The Big Idea
Inflation, real rates and risk assets
Steven Abrahams | January 21, 2022
This document is intended for institutional investors and is not subject to all of the independence and disclosure standards applicable to debt research reports prepared for retail investors.
The early January release of minutes from the December FOMC showed the Fed was ready to fight not just inflation but the overhang of liquidity that had swamped real rates. The minutes signaled a quick start to portfolio runoff that could begin to soak up $4.4 trillion in cash in the system from the current round of QE. Real rates have since jumped, inflation expectations declined and spreads on risk assets widened. But it is inflation expectations more than real rates driving risk spreads. Risk spreads almost certainly will go wider as the Fed drives expectations down further, but the damage should be limited.
Real rates up, inflation expectations down
The possibility of early portfolio runoff was the big surprise in the December minutes. The Fed had made the tapering schedule clear and had signaled hikes quickly after tapering finished. Portfolio runoff was new. After the last tapering that finished in October 2014, the Fed waited until October 2017 to start letting the portfolio slowly renormalize. The December minutes suggest the Fed is on a much shorter timeline. That is a big deal for real rates.

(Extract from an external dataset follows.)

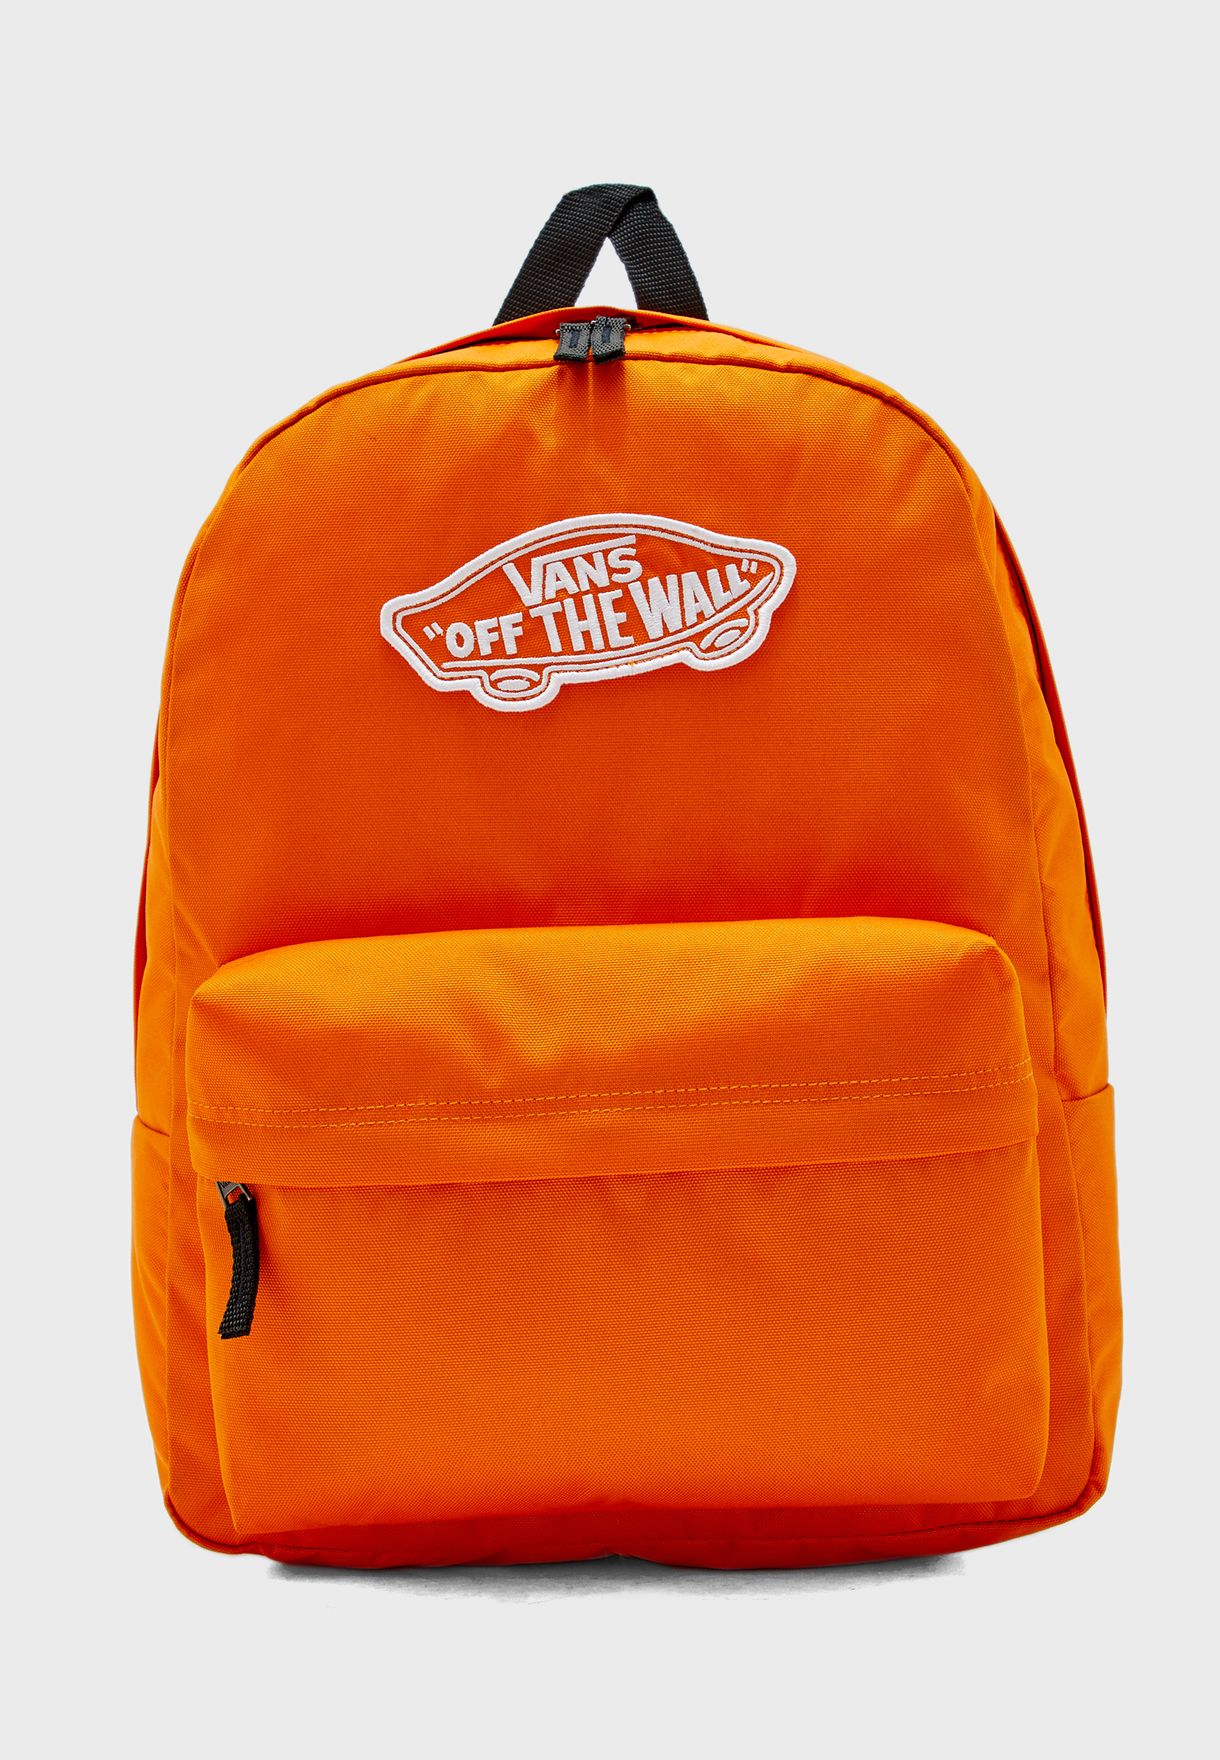 vans orange backpack

The liquidity created by global central banks, rules requiring a more liquid global banking system and persistent global savings had pushed US 10-year real rates last October to a record low of -120 bp. Real rates, of course, are just the level where the supply of money and the demand to borrow clear the market. The prospect of persistent liquidity from a massive Fed portfolio had swamped expected demand. The news of an early retreat has created some relief. US 10-year real rates since release of the minutes on January 5 have jumped 36 bp, implied inflation has dropped 23 bp and nominal 10-year rates have moved up a net 13 bp (Exhibit 1).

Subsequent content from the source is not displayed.